• What needs to be done
Print, word for word, only the lines from the one with "raiscase_information_signage1.JPG" down to the last line of the listing below; no pictures.

• Stored data

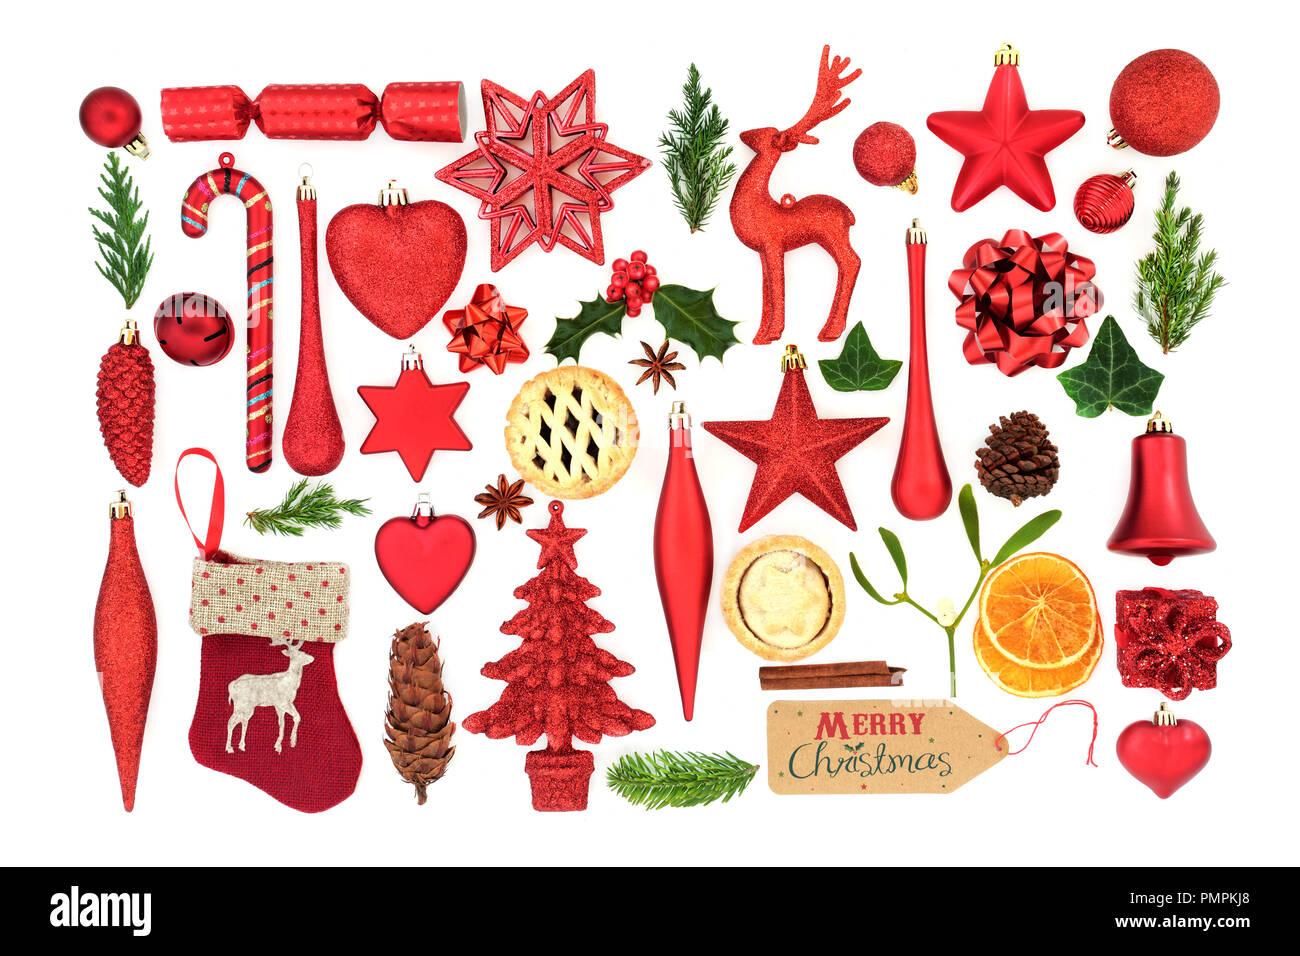 Symboles de Noël avec des décorations babiole, flore d'hiver et de l'alimentation des éléments sur fond blanc. Carte de Noël pour la période des fêtes. Photo Stock
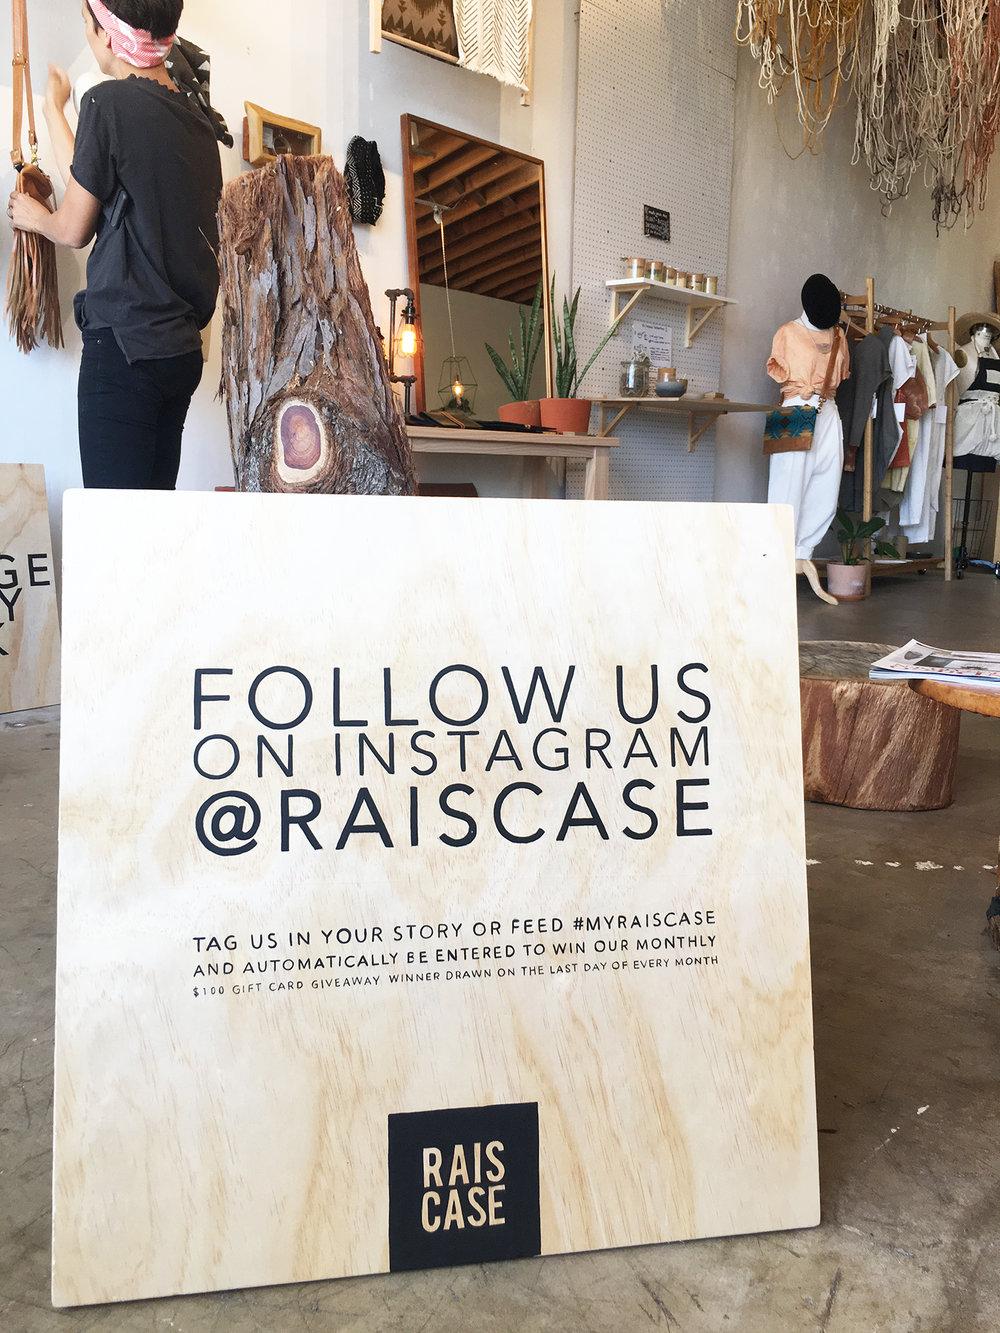 raiscase_information_signage1.JPG
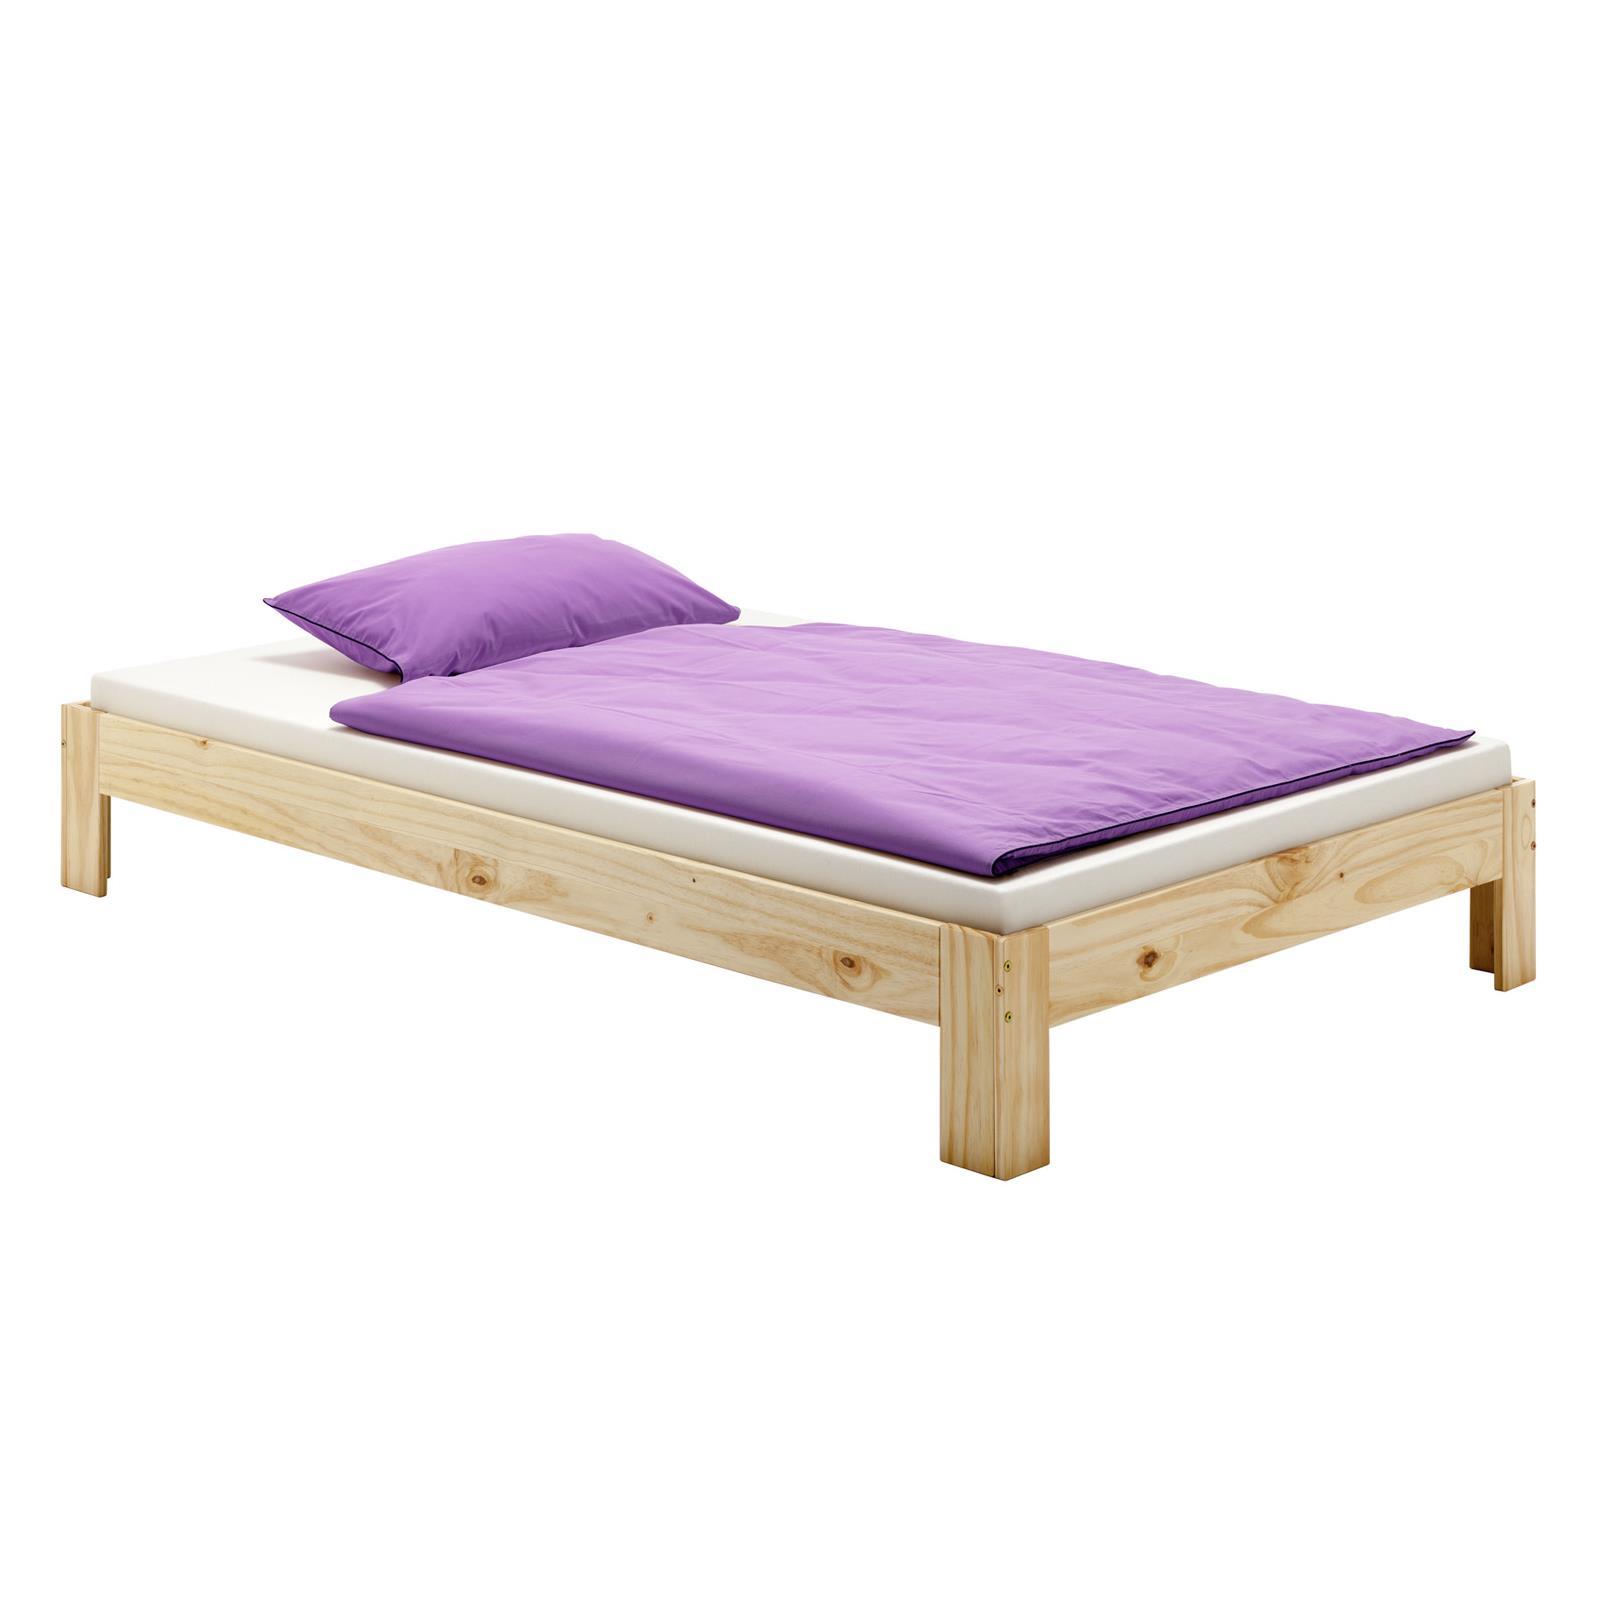 futonbett thomas 140 x 200 cm natur mobilia24. Black Bedroom Furniture Sets. Home Design Ideas

• Exercise solution
 raiscase_information_signage1.JPG
 futonbett thomas 140 x 200 cm natur mobilia24. Black Bedroom Furniture Sets. Home Design Ideas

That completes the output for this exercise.